Wie viele Messer werden vor der Kneipe in Duhnen eingesetzt?
Doch wie viele Messer waren bei dem Handgemenge eigentlich im Spiel? Aus Sicht der Verteidigung keine unerhebliche Frage: Sollte es mehrere Stichwaffen gegeben haben, die gegen das Opfer geführt wurden, könnte sich dadurch der Tatanteil eines Hauptbeschuldigten reduzieren. Bei der Befragung des Zeugen fokussierte sich Rechtsanwalt Marco Lund auf eben jenen Aspekt - mit dem Ergebnis, dass der Ton zwischen dem Kammervorsitzenden und dem Strafverteidiger ungewöhnlich an Schärfe gewann. Richter Erik Paarmann warf Lund vor, den Zeugen mit einer Suggestivfrage in eine bestimmte Richtung lenken zu wollen. "Wo haben Sie das her?", wollte der Vorsitzende in Bezug auf ein zweites oder ein drittes Messer wissen. Der Anwalt, der kurz darauf auf einen Aktenvermerk hinwies, in dem (grammatikalisch gesehen) von mehreren Stichwaffen die Rede war, warf Paarmann vor, die Verteidigungsstrategie torpediert zu haben. "Wenn die Verteidigung Schwierigkeiten hat, einen Zeugen zu erreichen, muss man manchmal eine gewisse Großmut walten lassen", argumentierte der Rechtsanwalt.

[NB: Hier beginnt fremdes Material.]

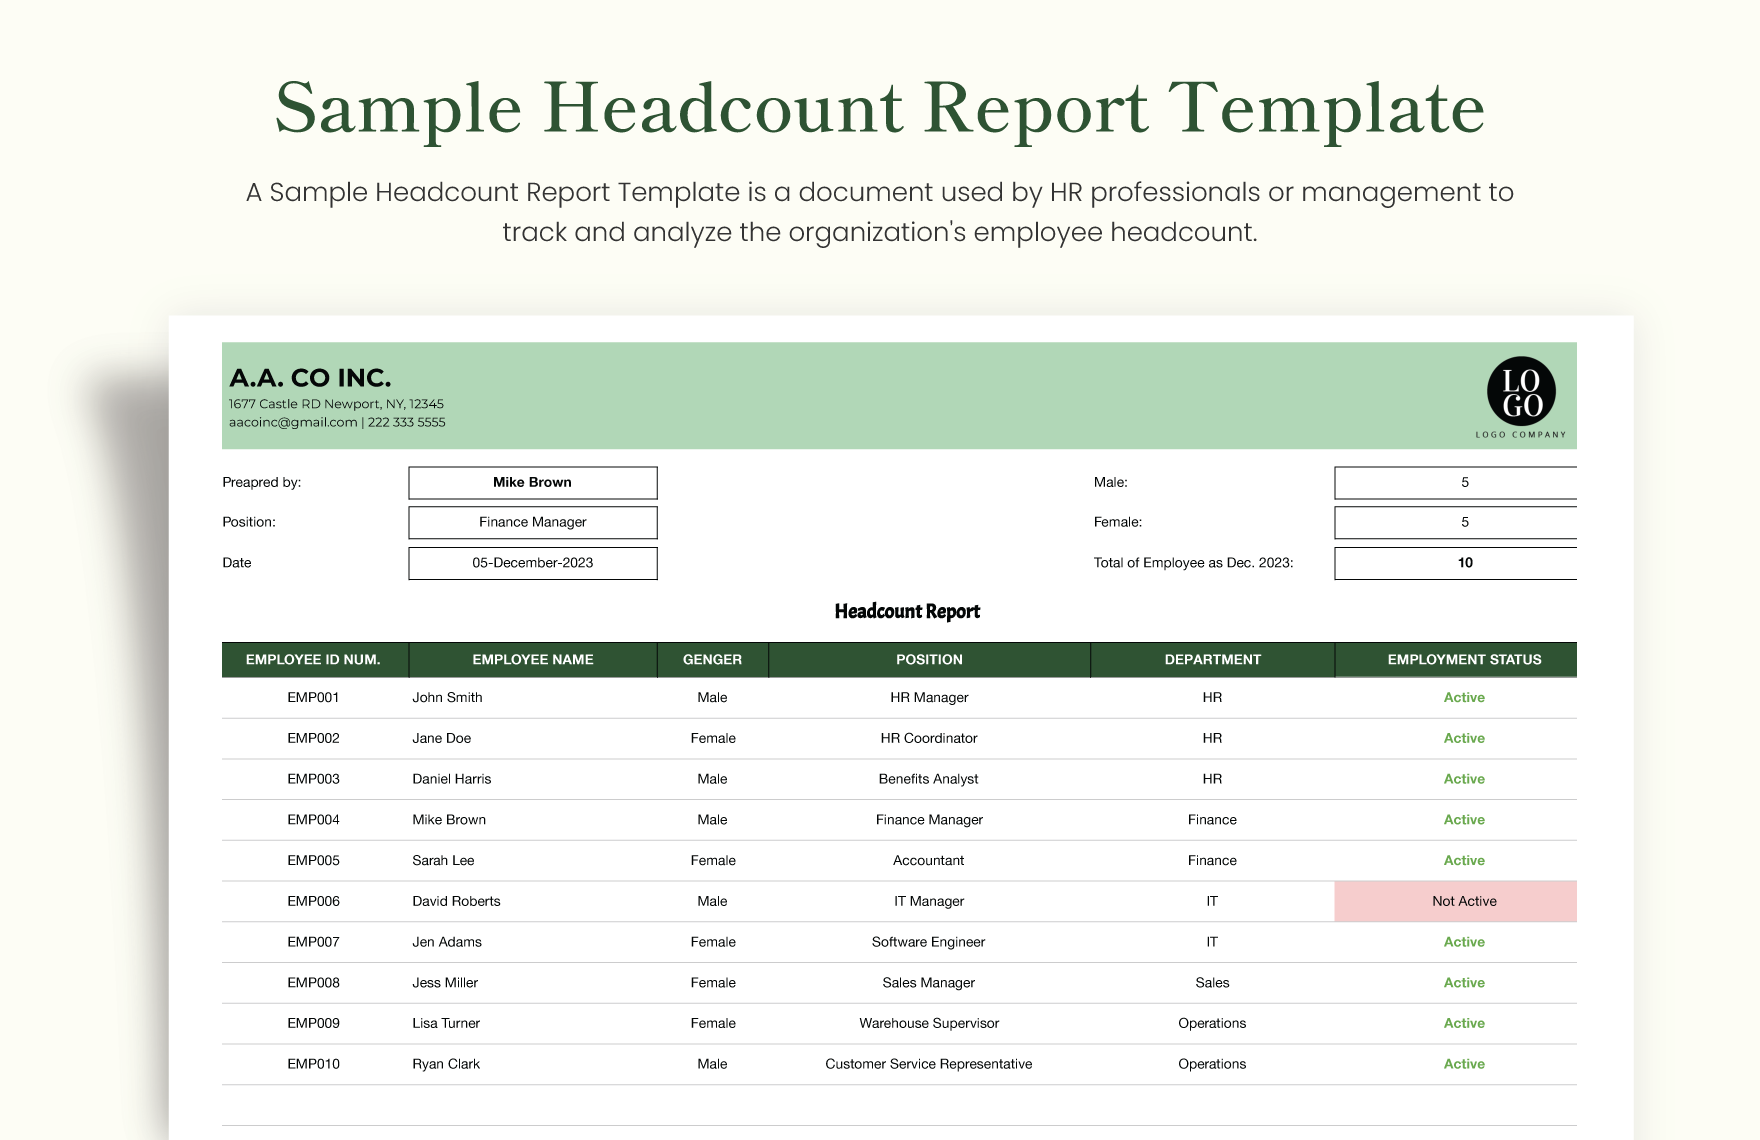 Free Sample Headcount Report Template in Excel, Google Sheets

Mit einem Antrag auf Haftverschonung für ihre in Untersuchungshaft sitzenden Mandanten, konnte sich die Verteidigung am Donnerstag nicht durchsetzen. Für den älteren Beschuldigten stellte dessen Anwältin einen Beweisantrag: Ausgehend von der Erkenntnis, dass am Tatort auch Blutspuren von einem der drei mutmaßlichen Täter sichergestellt wurden, verlangte die Anwältin ein Gutachten, das den Beweis erbringen soll, dass es sich bei den Blessuren des Angeklagten um Abwehrverletzungen handele. Nach Lesart der Verteidigerin entstanden die Schnitte, als der Mann dazwischenging - angeblich in dem Versuch, den Messerangriff zu unterbinden. Außerdem lenkte die Verteidigung den Blick auf eine Schwester zweier Beschuldigte. Im Raum steht der Vorwurf, dass das Opfer ein Verhältnis zu der Frau gehabt habe.